Kannada: NS Gundur (academician and literary historian), to translate DR Nagaraj’s Allamaprabhu Mattu Shaiva Pratibhe.
Marathi: Rahul Sarwate (academician and historian) to translate Sharad Patil’s Marxvad: Phule-Ambedkarvaad.
Amounting to a stipend of Rs 6 lakh for each project, and awarded for a six-month period, the fellowship also offers an opportunity for direct mentorship under the Language Expert Committee and the NIF Trustees, apart from providing financial, editorial, legal, and publishing support.
Here’s what the three winners had to tell Scroll.in about their projects:
Bangla: Diaries of Nirmal Bose 1946-47, translated by Venkateswar Ramaswamy and Amlan Biswas
The outbreak of communal violence in Bangladesh during Durga Puja last October led to my selection of this text to apply for the New India Foundation’s first Translation Fellowship. My friend Shafiqul Alam, a senior journalist in Bangladesh, alerted me to the fact that some of the places that witnessed violent incidents were the very same places that had been visited by violence in 1946.
He knew this from Nirmal Kumar Bose’s Chhechollisher Diary, edited by Avik Kumar Dey. And then I learnt that Avik Kumar Dey had also edited Shatchollisher Diary earlier, so it seemed appropriate to club the two books together. I contacted Mr Dey and got his consent, and he informed me that Amlan Biswas had started translating the 1947 diary with his consent. And thus was the proposal and the translation team born. An endeavour in public translation.
Nirmal Kumar Bose (1901-72) was a respected scholar, thinker, teacher and man of practical affairs.
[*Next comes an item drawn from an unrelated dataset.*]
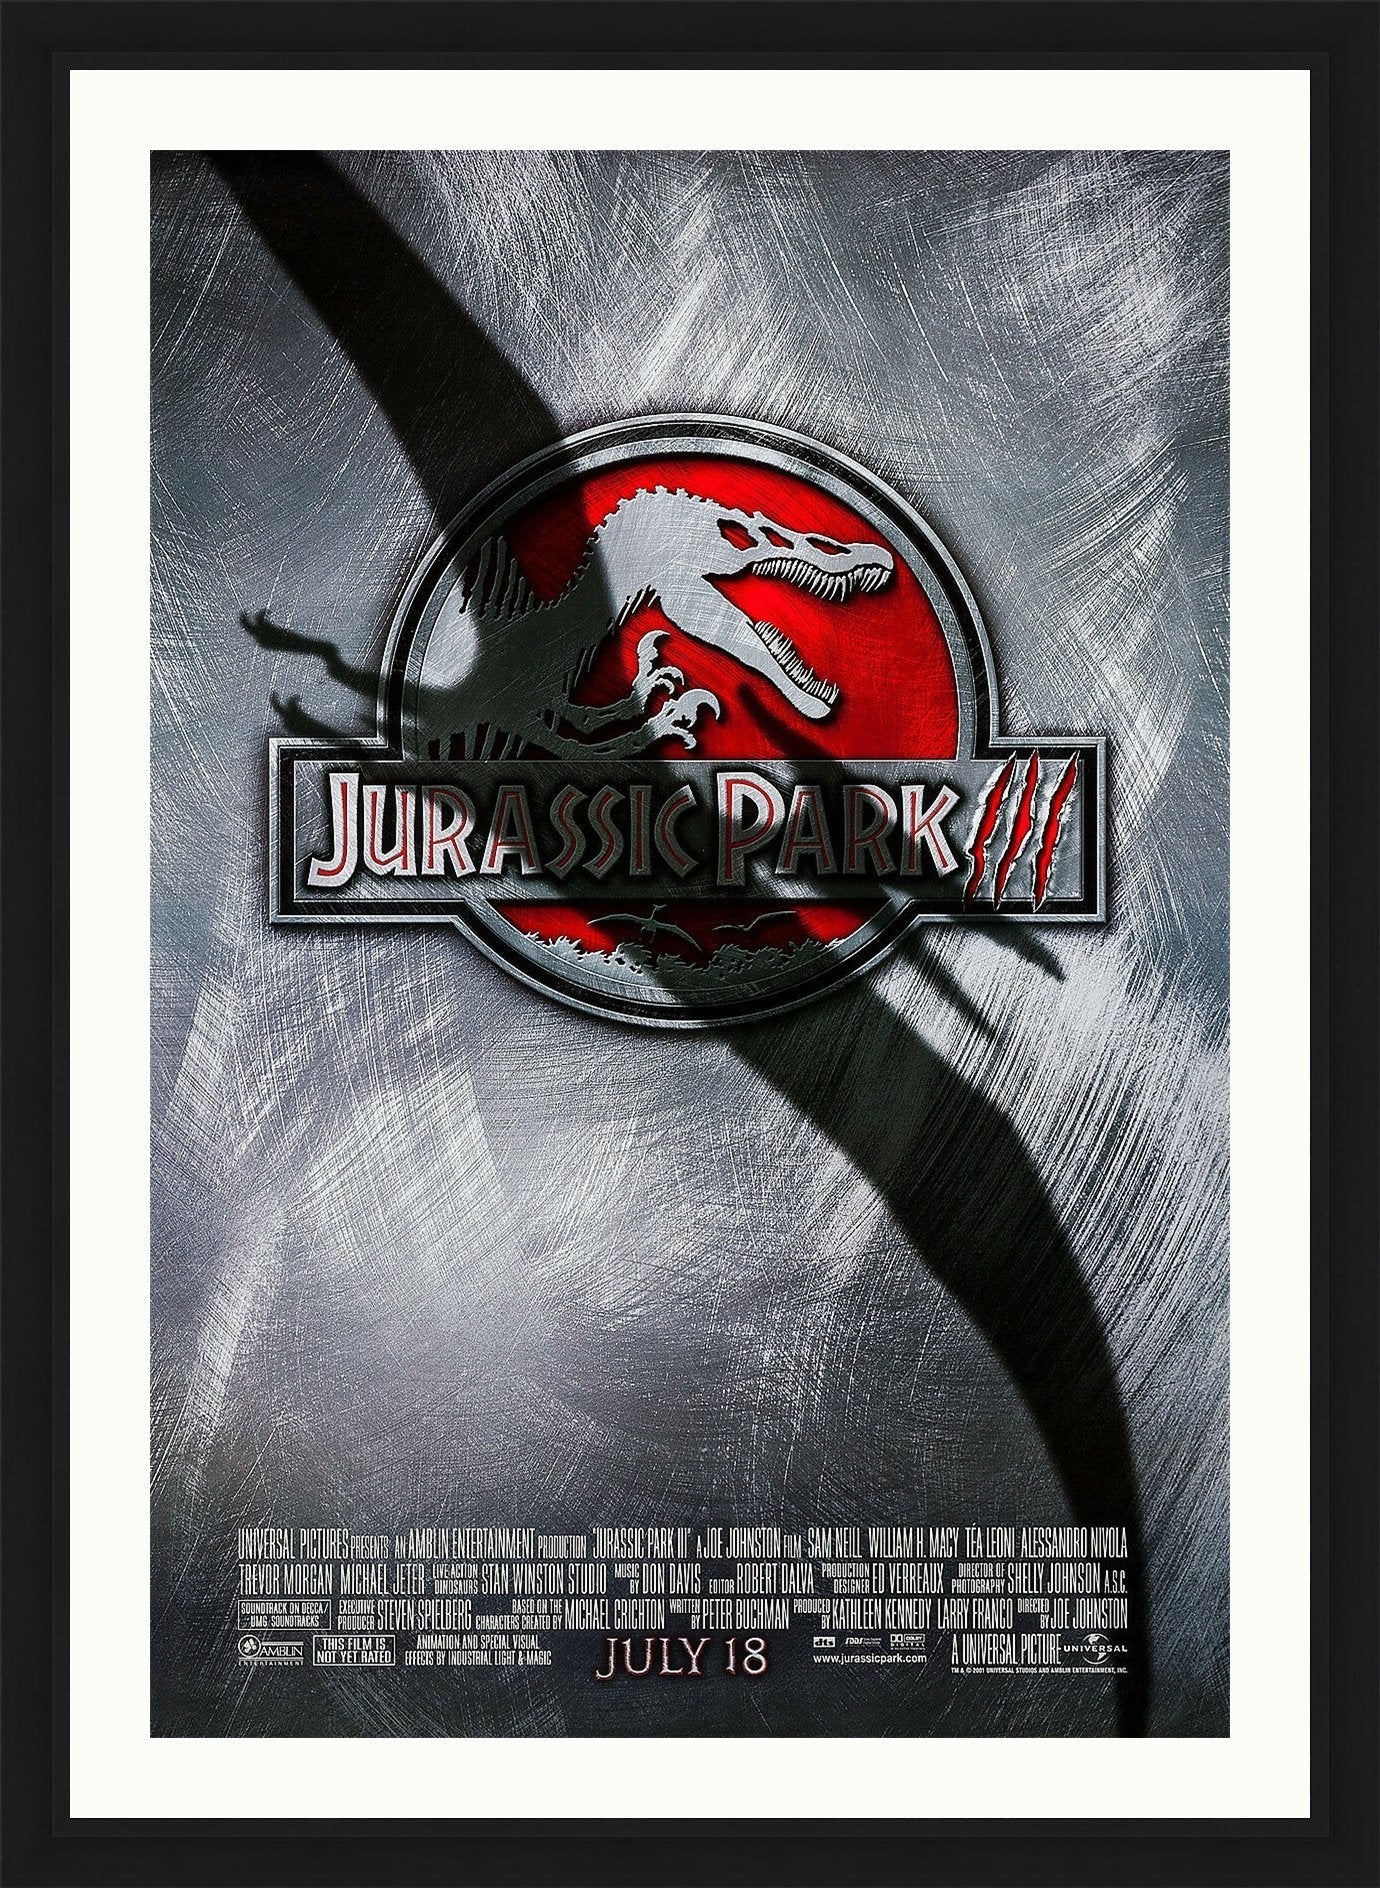 An original movie poster for the film Jurassic Park 3

He was invited to be Mahatma Gandhi’s interpreter and personal secretary during his tour of Noakhali in 1946-47 and wrote about that period in My Days With Gandhi. a book that even Pandit Nehru did not want to see in print. Bose had written: “In many respects, this period (1946-47) stands out as the most critical, and certainly the most dramatic, phase of Gandhi’s great and eventful life.”
I would also like to quote Satinder Dhiman, who in a 2015 essay wrote: “Perhaps no life in human history is so abundantly well documented as Gandhi’s: indeed, apart from personal testimonies, his is probably ‘the most minutely documented life that has ever been lived’... And still, as one of his recent biographers avers, ‘no one so well-known is so little known.’ Perhaps Gandhi’s greatest achievements are still waiting to be fully discovered.” Thus, translating Bose’s Diaries of 1946-47 seemed to us to be a worthwhile project, and we were very happy to be selected.
Avik Kumar Dey undertook a labour of love, and provided yeoman service to the world of letters and scholarship, by retrieving the original diaries, painstakingly facsimiling the pages, and also gathering other relevant documents to append to the diaries. Amlan Biswas, his former colleague, was inspired by his efforts to begin translating the 1947 diary into English, so as to carry forward, through translation, Mr Dey’s endeavour towards making the diaries accessible.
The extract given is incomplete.